18:18:34.183 [ INFO] Opened transaction #1
18:18:34.234 [ INFO] Flushing last of 8606 rows for transaction #1
18:18:34.238 [ INFO] Committing 8606 rows into transaction #1...
18:18:34.256 [ INFO] Committed transaction #1 after a total of 292604 bytes and 8606 good rows
18:18:34.275 [ INFO] READ:305.8KB(193.0KB/s). ROWS G/B: 8606/0( 5.30K/s). WRITE:285.7KB(180.3KB/s).  TIME E/R:   0:00:01/ --:--:--
18:18:34.276 [ INFO] SUCCESSFUL BULK LOAD: Loaded 8606 good rows in   0:00:01 (READ: 193.0KB/s WRITE: 180.3KB/s)

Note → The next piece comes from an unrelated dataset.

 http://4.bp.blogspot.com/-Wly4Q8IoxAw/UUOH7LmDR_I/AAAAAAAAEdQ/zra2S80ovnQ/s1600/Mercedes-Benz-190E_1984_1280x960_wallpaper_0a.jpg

Load the same table from a CSV file with a single header line

$ ybload -d premdb --username bobr -t match -W --format csv --num-header-lines 1 /home/bobr/match_with_header.csv 
Password for user bobr: 
...
18:39:24.888 [ INFO] Gathering metadata on input files
18:39:25.163 [ INFO] Assuming source encoding matches database server encoding: LATIN9
18:39:25.233 [ INFO] Starting 1 source PreReaders
18:39:25.256 [ INFO] Auto-detected line separator = '\n'
18:39:25.263 [ INFO] Configuration (record/field separation):
   --format                           : CSV
   --delimiter                        : ,
   --linesep                          : \n
   --quote-char                       : "
   --escape-char                      : "

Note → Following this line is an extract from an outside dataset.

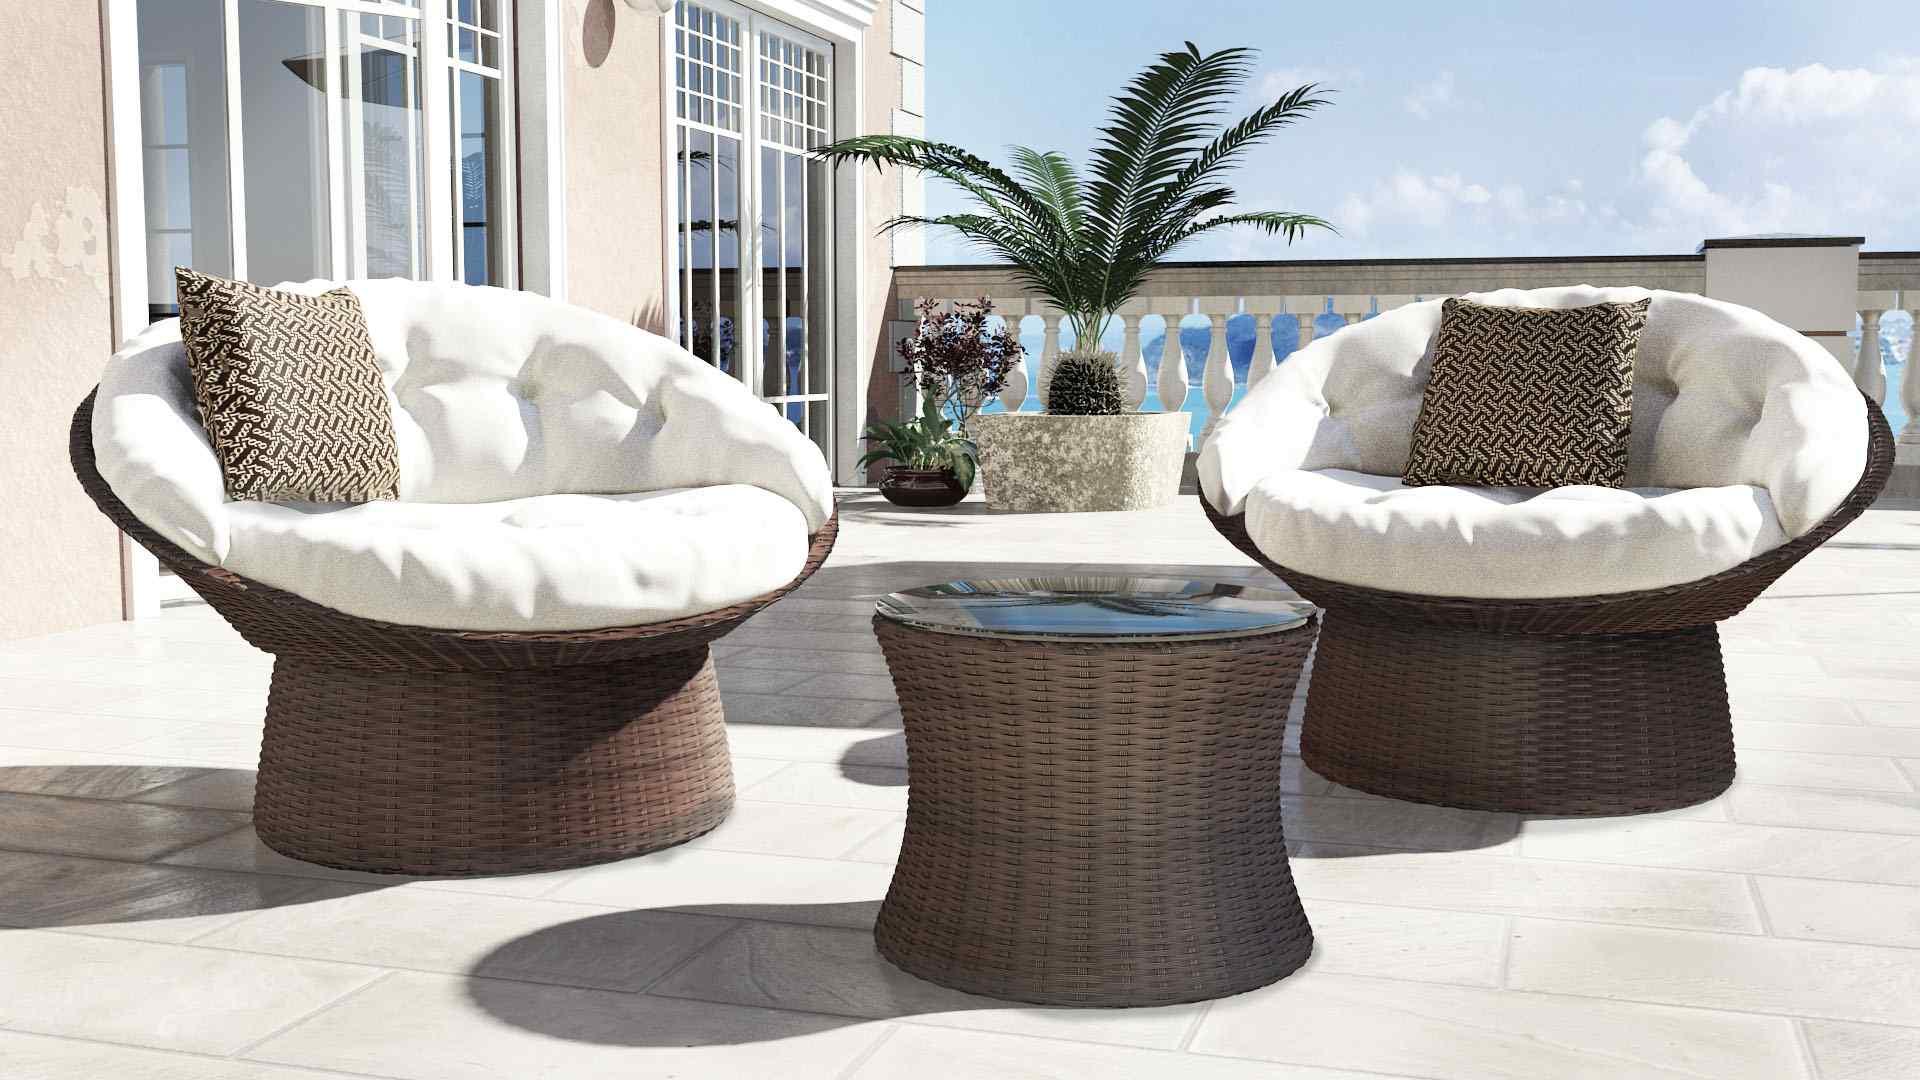 artelia jetzt die polyrattan papasan set calipso f r 2 personen kaufen. Black Bedroom Furniture Sets. Home Design Ideas

   --trim-white                       : false
   --skip-blank-lines                 : true
   --on-missing-field                 : ERROR
   --on-extra-field                   : ERROR
   --on-unescaped-embedded-quote      : ERROR
   Internal scanner                   : RecordScannerQuote_1_1
18:39:25.290 [ INFO] Using database locale: C
18:39:26.047 [ INFO] Bad rows will be written to /home/bobr/match_with_header.csv.20190129183926.bad
18:39:26.055 [ INFO] Starting import of 1 files
18:39:26.326 [ INFO] Starting 4 segment readers
18:39:26.327 [ INFO] Opening transaction #1...

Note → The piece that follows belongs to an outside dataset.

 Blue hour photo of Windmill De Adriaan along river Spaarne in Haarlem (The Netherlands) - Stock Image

18:39:26.374 [ INFO] Opened transaction #1
18:39:26.411 [ INFO] Flushing last of 8606 rows for transaction #1
18:39:26.414 [ INFO] Committing 8606 rows into transaction #1...
18:39:26.433 [ INFO] Committed transaction #1 after a total of 292604 bytes and 8606 good rows
18:39:26.452 [ INFO] READ:305.8KB(194.7KB/s). ROWS G/B: 8606/0( 5.35K/s). WRITE:285.7KB(181.9KB/s).  TIME E/R:   0:00:01/ --:--:--
18:39:26.453 [ INFO] SUCCESSFUL BULK LOAD: Loaded 8606 good rows in   0:00:01 (READ: 194.7KB/s WRITE: 181.9KB/s)

Load the same table from multiple CSV files

$ ybload -d premdb --username bobr -t match -W --format csv /home/bobr/premdata/matchdata/*
Password for user bobr: 
...
18:50:39.278 [ INFO] Auto-detected line separator = '\n'
18:50:39.288 [ INFO] Configuration (record/field separation):
   --format                           : CSV
   --delimiter                        : ,
   --linesep                          : \n
   --quote-char                       : "
   --escape-char                      : "
   --trim-white                       : false
   --skip-blank-lines                 : true
   --on-missing-field                 : ERROR
   --on-extra-field                   : ERROR
   --on-unescaped-embedded-quote      : ERROR
   Internal scanner                   : RecordScannerQuote_1_1
18:50:39.320 [ INFO] Using database locale: C
18:50:40.119 [ INFO] Bad rows will be written to /home/bobr/ybload.20190129185040.bad
18:50:40.127 [ INFO] Starting import of 3 files
18:50:40.416 [ INFO] Starting 4 segment readers
18:50:40.417 [ INFO] Opening transaction #1...
18:50:40.461 [ INFO] Opened transaction #1
18:50:40.557 [ INFO] Flushing last of 25818 rows for transaction #1
18:50:40.561 [ INFO] Committing 25818 rows into transaction #1...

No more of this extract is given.